ABD: – We humans are 90% music. We should be doing it all the time. Music is the intellect, music is the soul. And it’s the spirit!

JBN.S: – There’s a two-way relationship between audience and artist; you’re okay with giving the people what they want?

ABD: – I interact with my audience as a human being who has a lot to say musically. That means I treat the audience like my family and friedns. It doesn’t matter how many people. I want them to feel fed , healed, better, uplifted and powerful after they  hear my music. And I want them to feel blessed and healed from mental anguish.

JBN.S: – Please any memories from gigs, jams, open acts and studio sessions which you’d like to share with us?
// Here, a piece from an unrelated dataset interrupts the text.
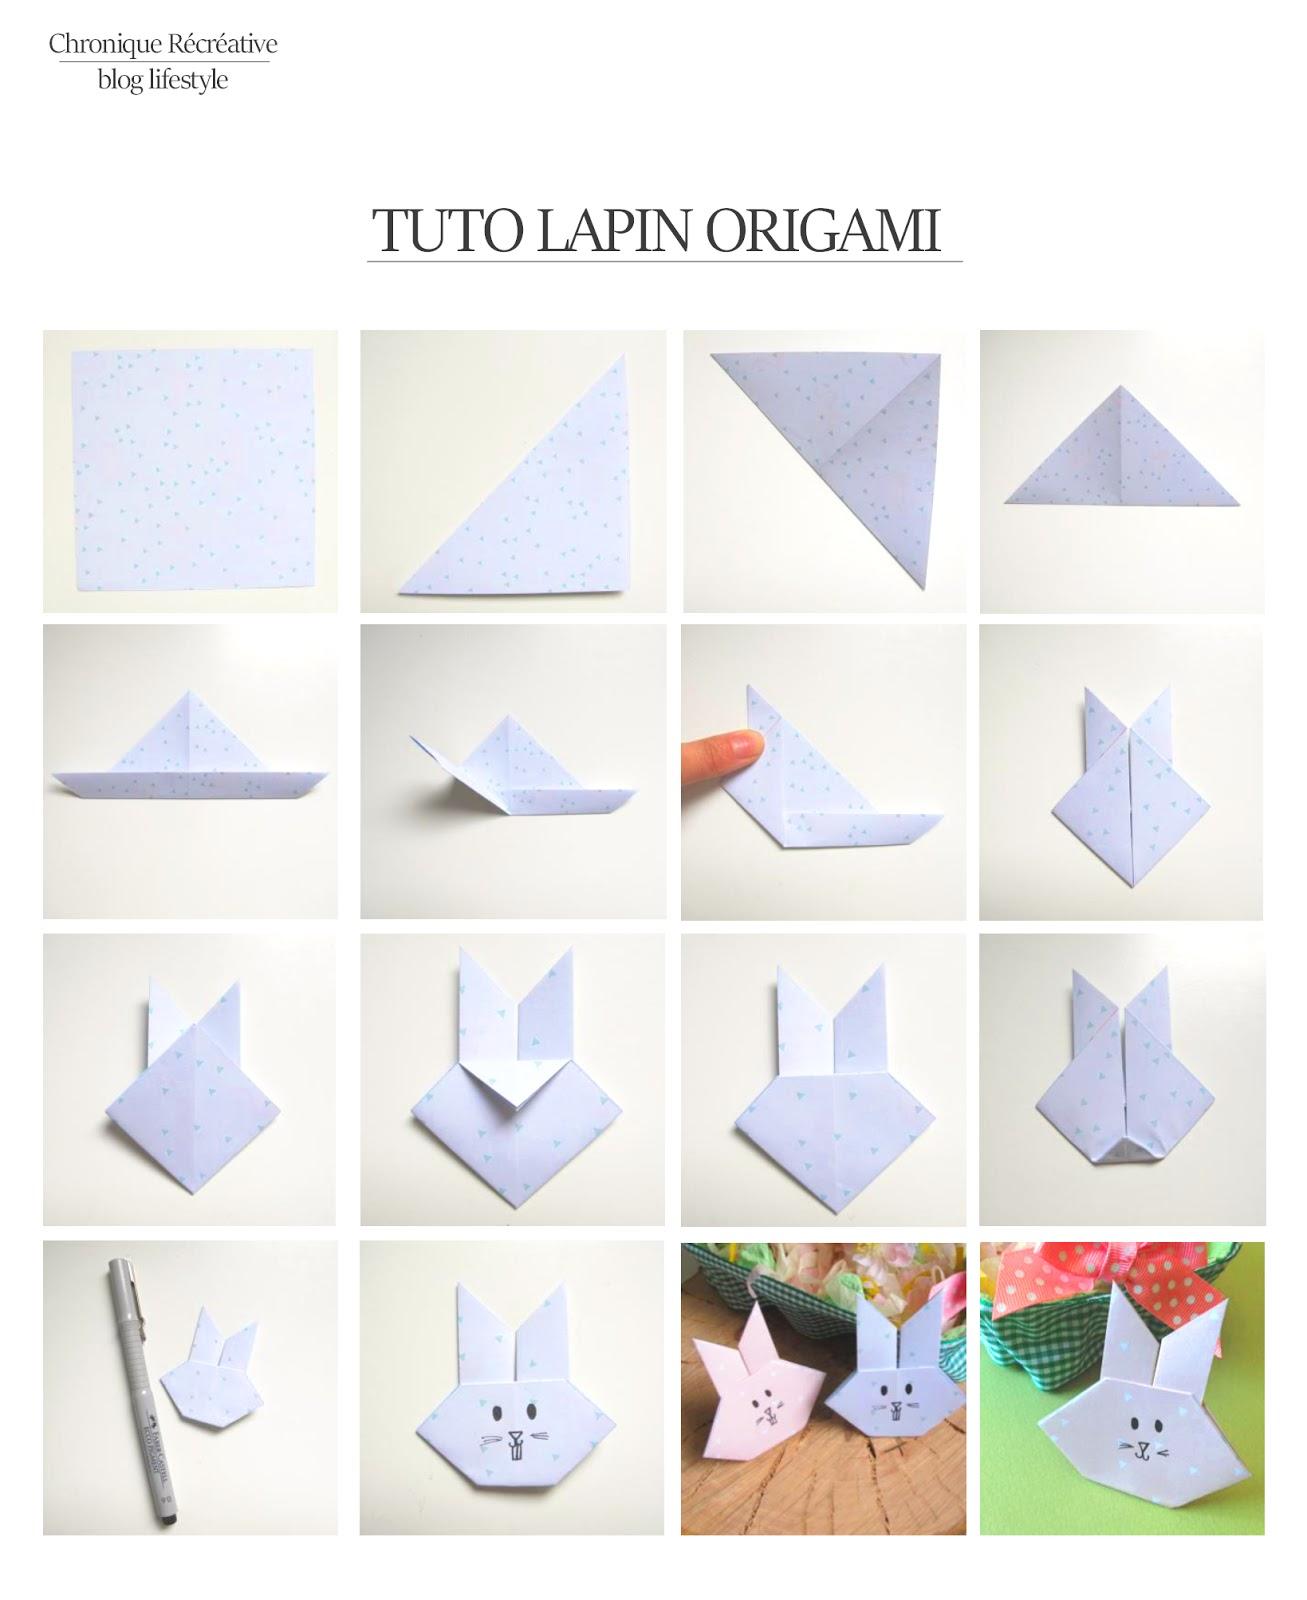 chronique r cr ative tuto lapin origami de paques. Black Bedroom Furniture Sets. Home Design Ideas

ABD: – This last performance I did at a college radio station (whpk)  had a live audience and the Brothahood (my band) and I were performing We are Starzz from my album.  Repeating this chant over and over of course we arr tranced the fuck out eyes closed floating in another space..when I opened my eyes a young man in the audience was weeping so deeply and strongly. He was being healed of something. We embraced afterwarrds and he was in such gratitude.This is what Music is really for has always has been just this for me.

JBN.S: – How can we get young people interested in jazz when most of the standard tunes are half a century old?

ABD: – Young people are only interested in rebellion. Jazz isnt bad ass anymore. I think it largely has to do with Academia too which has turned it into a relic and theres a wavering scent of pretetiousness amongs jazz enthusiast..young folks hate that shit..I know I did… but There are more and more younger muscians now who are recognizing that this Black American Artform is suppose to move and shake the things up. More hamhock in your cornflakes, ring around your bathtub, joints rolled in toilet paper..etc

JBN.S: – John Coltrane said that music was his spirit. How do you understand the spirit and the meaning of life?

ABD: – All black music is Spiritual.

JBN.S: – If you could change one thing in the musical world and it would become a reality, what would that be?

ABD: – End the explotation of Black American Music.

JBN.S: – Who do you find yourself listening to these days?

ABD: – Alot Alice and John lately.

JBN.S: – What is the message you choose to bring through your music?

ABD: – The same as Albert Ayler… Music is the healing force of the universe.

JBN.S: – Let’s take a trip with a time machine, so where and why would you really wanna go?

ABD: – I love to take a ride to pre westernized pre European colonial Africa and meet and play music with my ancestors.

JBN.S: – So putting that all together, how are you able to harness that now?